AS CRISES NA SANTA CASA E NOS PRONTOS-SOCORROS DE BELÉM

“As coisas não são bem assim...”. (Raul Seixas).

 “Voltamos a viver como há dez anos atrás...”. (Renato Russo).

“Meu partido é um coração partido”. (Cazuza).

O PRETÉRITO IMPERFEITO da Fundação Santa Casa de Misericórdia do Pará poderia gerar um inquérito que seria desfeito pela ação de quem atrasa a legislação, ao acatar o mérito sem efeito da publicação irresponsável que está a se refugiar sob a “túnica forense maleável”. A situação da saúde pública paraense é lamentável e está sendo vitimada, há mais de dez anos, por uma atuação que tem sido rude, rústica, circense, ou seja: um revés, promovido por alguns boçais e insanos gestores, cheios de maus adjetivos, prejudiciais aos erários do município e do Estado. Nessa peleja sem princípio, o povo adoentado anseia por receber incentivos solidários de quem está no “poder”, sem ter liderança, nem saber como proceder para vir a ser capaz de ver o estorvo (recheado da lambança de quem faz “oposições banais”) perder a esperança de fazer umas “acusações internacionais”. O atual (des)governo do Estado adotou o mau exemplo do passado e merece ser criticado para se desfazer do show de irresponsabilidade com que tem (des)governado, no templo onde vive ajoelhado, atrás de criatividade, mas não tem rezado, em prol da comunidade. Resultado: o estorvo do presente arremeda o passado e o povo doente se queda desamparado.

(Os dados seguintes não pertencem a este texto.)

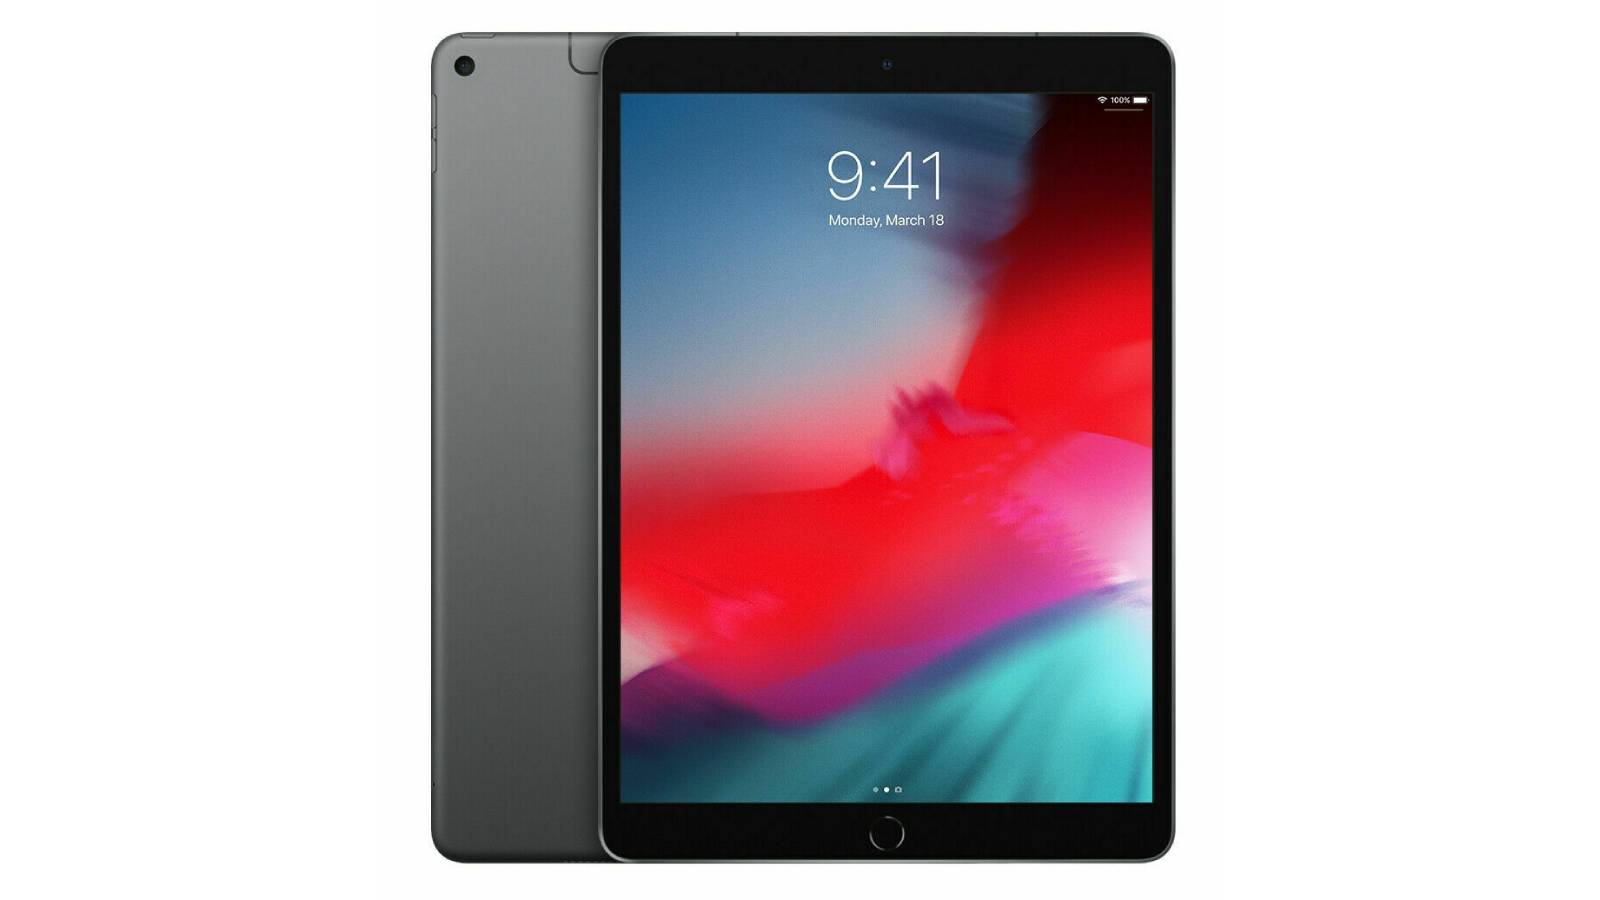 L'iPad Air 2020 voit son prix baisser de 13% sur le site

A INTERVENÇÃO GOVERNISTA poderá conter a ação golpista e o “poder” de uma oposição oportunista. No Pará, alguns politiqueiros saciados com as degustações das “pizzas”, que cada CPI do corporativista congresso comemora, fazem acusações parciais, esquecem que são os primeiros a deixarem os eleitores indignados e, agora, repreendem com prazer “as situações atuais da Santa Casa”. Mas, se eles não entendem nem da lista do retrocesso existente desde outrora iniciado, seria prudente devolverem os recursos que foram embora Estado. Poderá acontecer algum benefício, após o sacrifício de usuários e trabalhadores do SUS, vitimados por triviais mandatários que os tem condenado à “cruz”, se o Estado do Pará e o município de Belém combaterem juntos quem está promovendo dissimulados e repelentes insultos aos injustiçados pacientes e aos funcionários públicos municipais e estaduais. Algumas prefeituras do interior abusam demais, promovendo amarguras ao povo trabalhador, sobrecarregando os que não estão se recusando a atender quem está sofrendo, internando, na Santa Casa e nos lotados corredores dos prontos-socorros municipais, adoentados interioranos que vivem sendo maltratados por nocivas ações de insanos alcaides, por maus gestores da verba da saúde em suas respectivas cidades. As intervenções do governo do Estado nos locais em que as utilizações das verbas têm se desviado das suas funções reais em benefício da saúde pública poderia ser o início do fim de uma atitude rústica de omissos alcaides, com poses de “príncipes”, sem os compromissos de cuidarem das enfermidades dos munícipes, ao abusarem dos rebuliços das impunidades.      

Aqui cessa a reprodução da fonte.